Re: [PATCH 8/9] sched: Fix migrate_disable() vs set_cpus_allowed_ptr()

From: Peter Zijlstra
Date: Fri Sep 25 2020 - 05:05:47 EST


On Thu, Sep 24, 2020 at 08:59:33PM +0100, Valentin Schneider wrote:
> > @@ -2025,19 +2138,8 @@ static int __set_cpus_allowed_ptr(struct
> > if (cpumask_test_cpu(task_cpu(p), new_mask))
> > goto out;
>
> I think this needs a cancellation of any potential pending migration
> requests.

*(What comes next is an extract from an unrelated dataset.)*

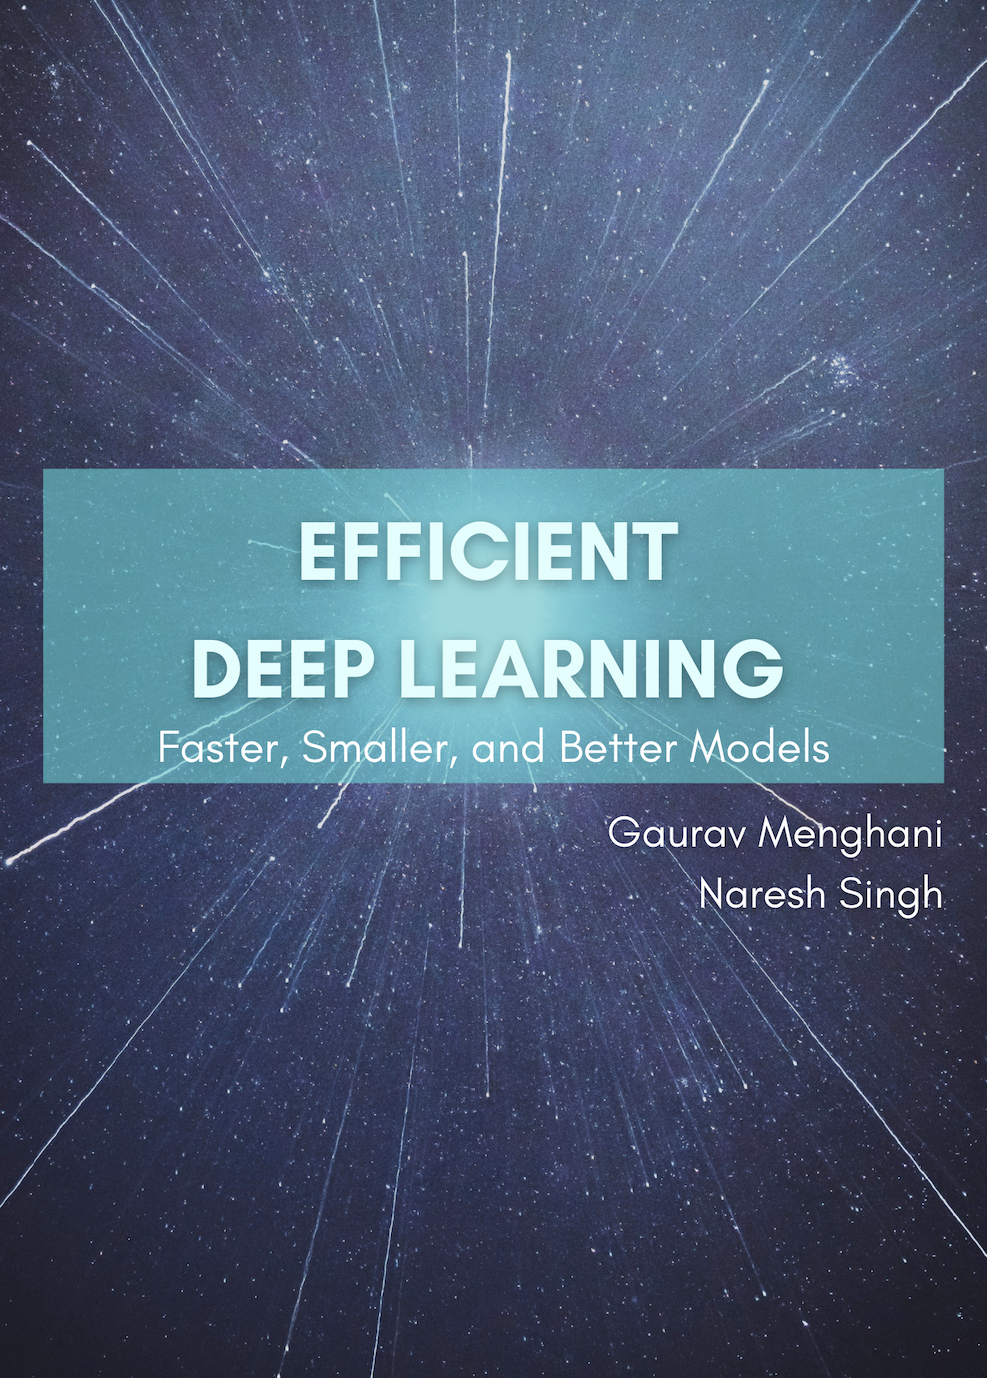 Efficient Deep Learning book cover

Consider a task P0 running on CPU0:
>
> P0 P1 P2
>
> migrate_disable();
> <preempt>
> set_cpus_allowed_ptr(P0, CPU1);
> // waits for completion
> set_cpus_allowed_ptr(P0, CPU0);
> // Already good, no waiting for completion
> <resumes>
> migrate_enable();
> // task_cpu(p) allowed, no move_task()
>
> AIUI in this scenario P1 would stay forever waiting.

Hurmph, looking at it, I think you're right. But I'm fairly sure I did
test that, maybe I just didn't run it long enough to hit the window ...

> I *think* this can be
> cured by making this function slightly more hideous:

It's a real beauty isn't it :-/

> ---
> diff --git a/kernel/sched/core.c b/kernel/sched/core.c
> index 01113e6f941f..829334f00f7b 100644
> --- a/kernel/sched/core.c
> +++ b/kernel/sched/core.c
> @@ -2102,6 +2102,8 @@ static int __set_cpus_allowed_ptr(struct task_struct *p,
> u32 flags)
> {
> const struct cpumask *cpu_valid_mask = cpu_active_mask;
> + struct set_affinity_pending *pending;
> + bool cancel_pending = false;
> unsigned int dest_cpu;
> struct rq_flags rf;
> struct rq *rq;
> @@ -2158,14 +2160,20 @@ static int __set_cpus_allowed_ptr(struct task_struct *p,
> }
>
> /* Can the task run on the task's current CPU? If so, we're done */
> - if (cpumask_test_cpu(task_cpu(p), new_mask))
> + if (cpumask_test_cpu(task_cpu(p), new_mask)) {
> + cancel_pending = true;
> goto out;
> + }
>
> return move_task(rq, &rf, p, dest_cpu, flags);
>
> out:
> + pending = p->migration_pending;
> task_rq_unlock(rq, p, &rf);
>
> + if (cancel_pending && pending)
> + complete_all(&pending->done);
> +
> return ret;
> }

He who completes pending should also clear ->migration_pending,
otherwise the next caller will be able to observe a dangling pointer.

The other approach is trying to handle that last condition in
move_task(), but I'm quite sure that's going to be aweful too :/